**WHAT TO PRODUCE:**
In your copy of the data, keep every word exact and include no pictures.
Segment Start: INFORMATION PROVIDED
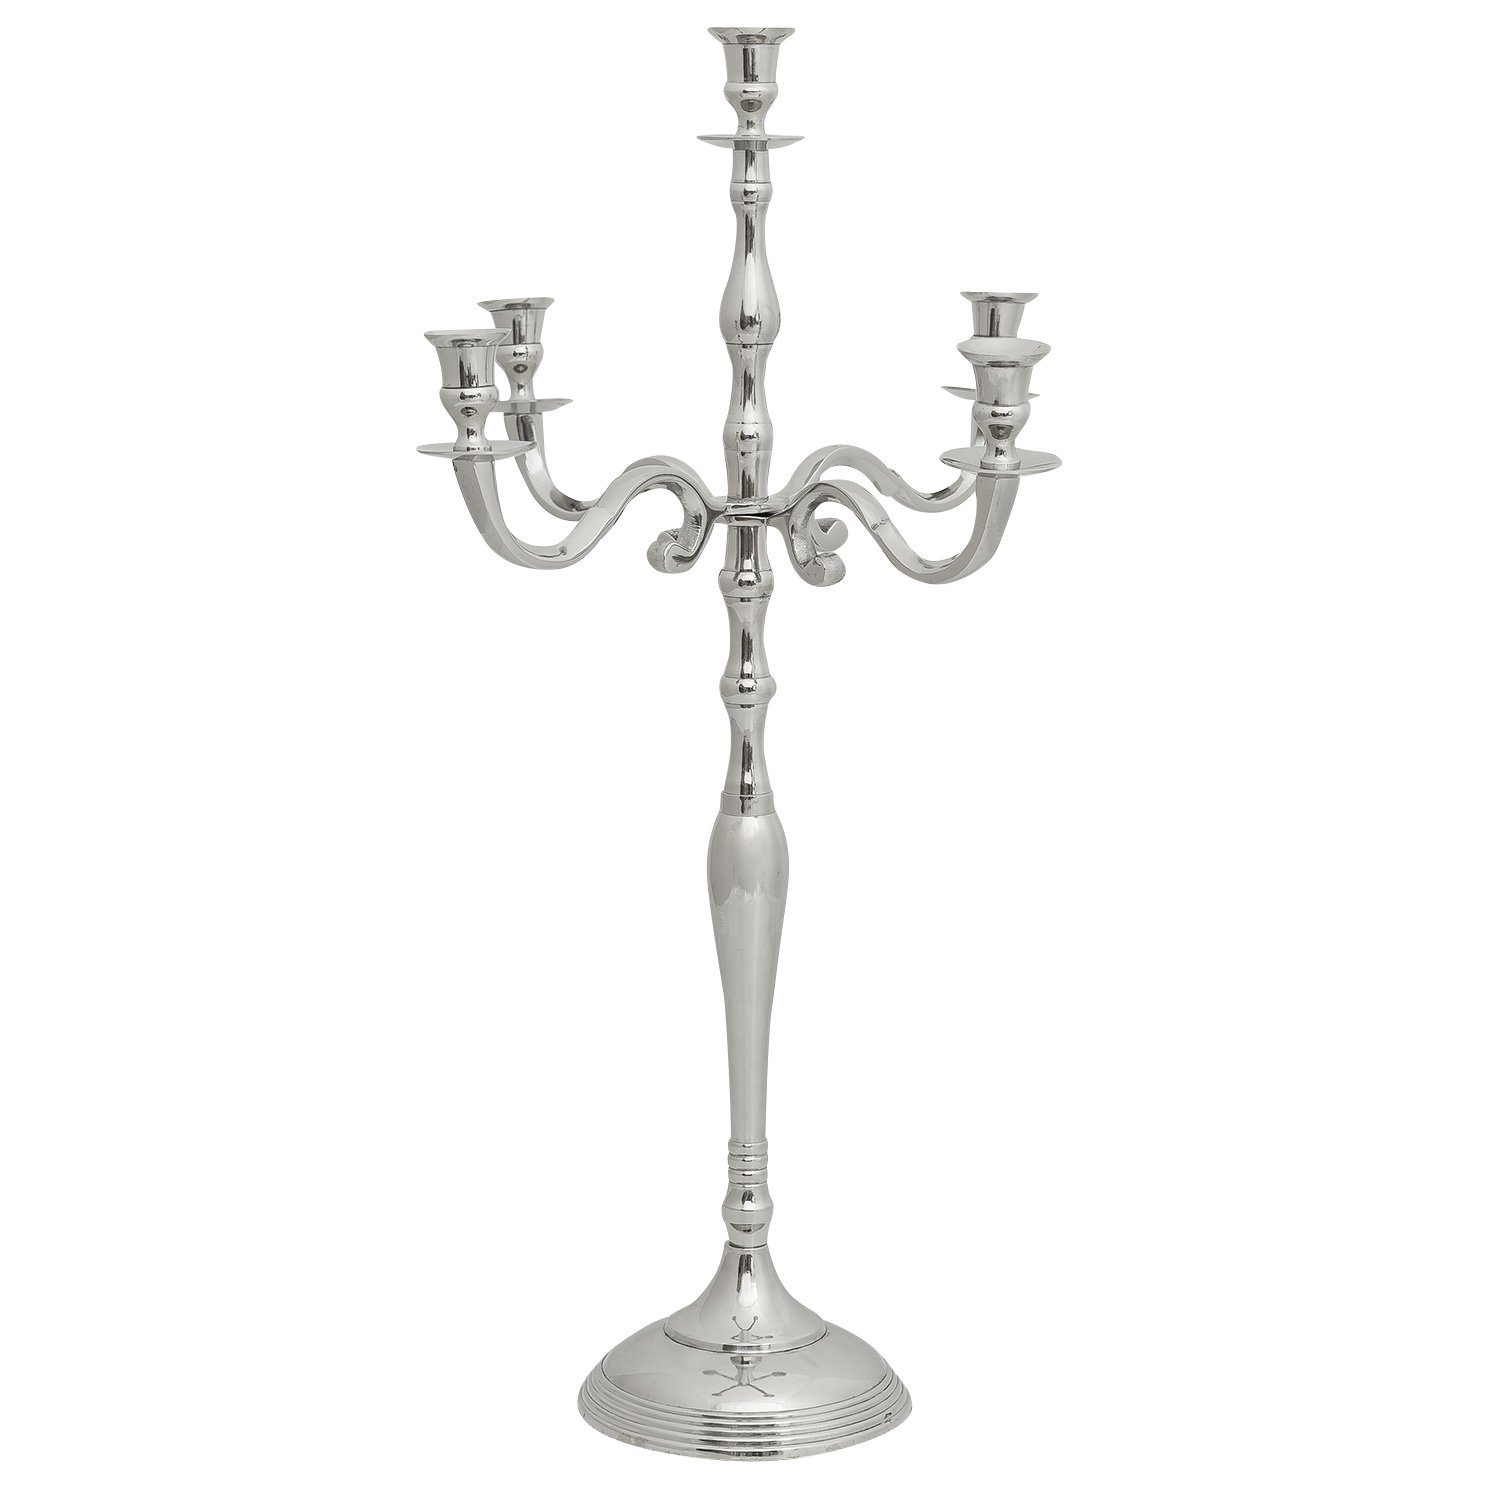 Antik-Stil Aubaho Kerzenständer Kerzenständer Kerzenhalter 5-armig silber 78cm Aluminium
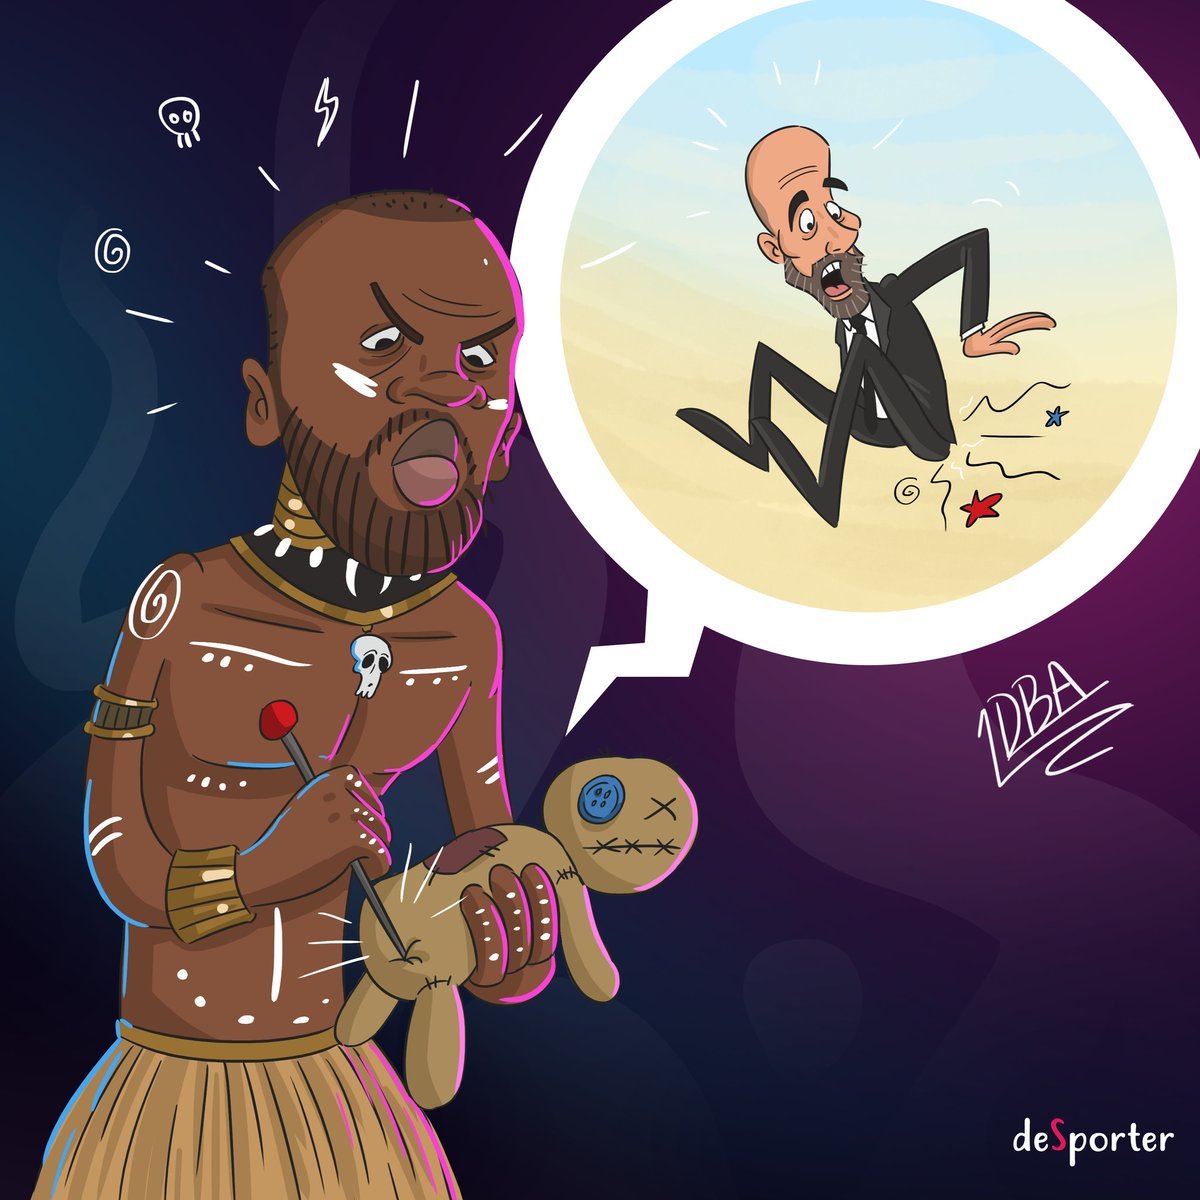 Dibujo que colgó en las redes el representante de Touré Yaya contra Pep.
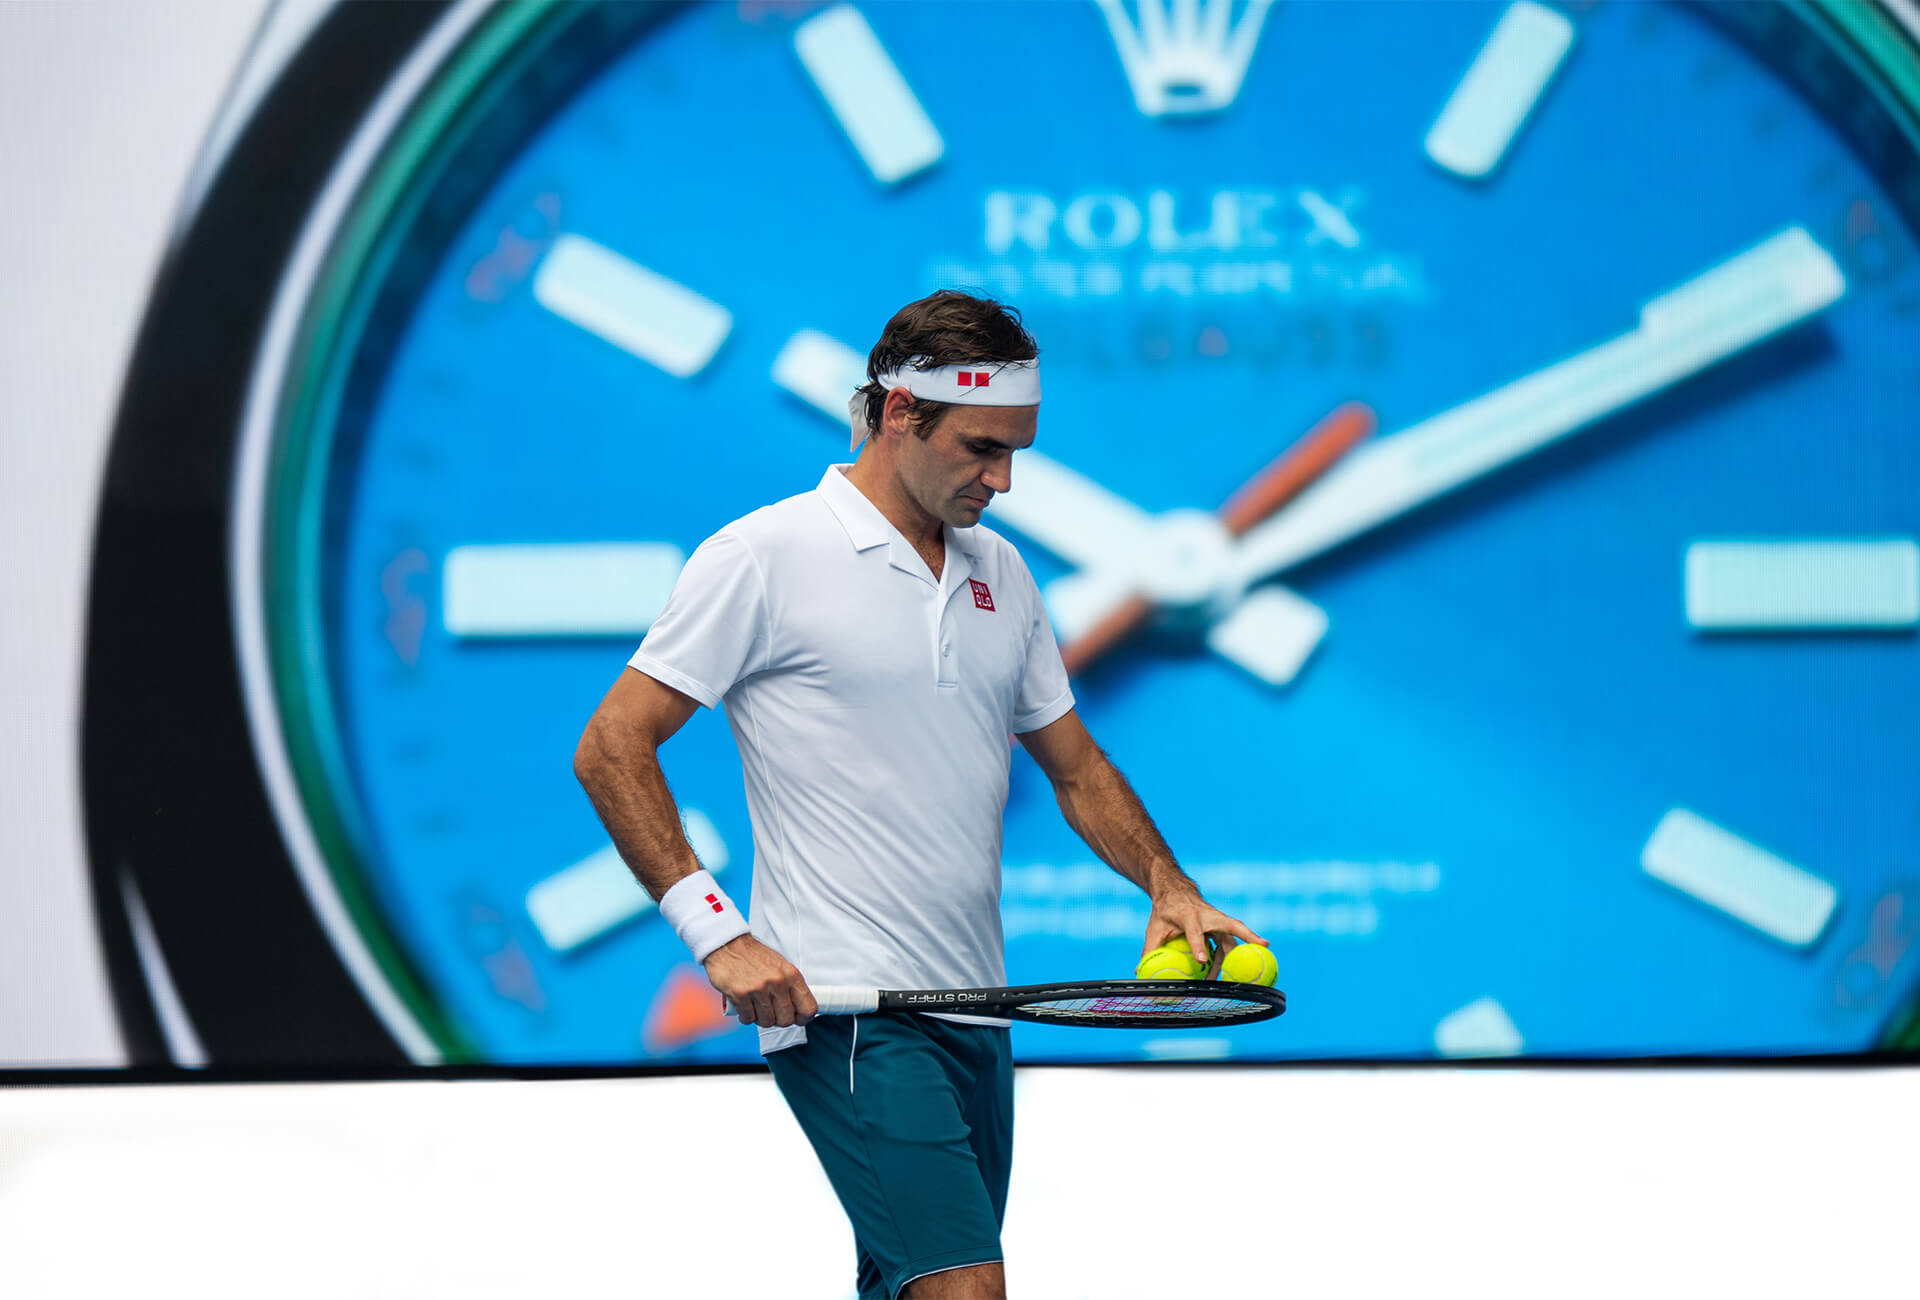 Rolex aces tennis sponsorship – FHH Journal
Segment End: INFORMATION PROVIDED
**RESULT:**
 Antik-Stil Aubaho Kerzenständer Kerzenständer Kerzenhalter 5-armig silber 78cm Aluminium
 Dibujo que colgó en las redes el representante de Touré Yaya contra Pep.
 Rolex aces tennis sponsorship – FHH Journal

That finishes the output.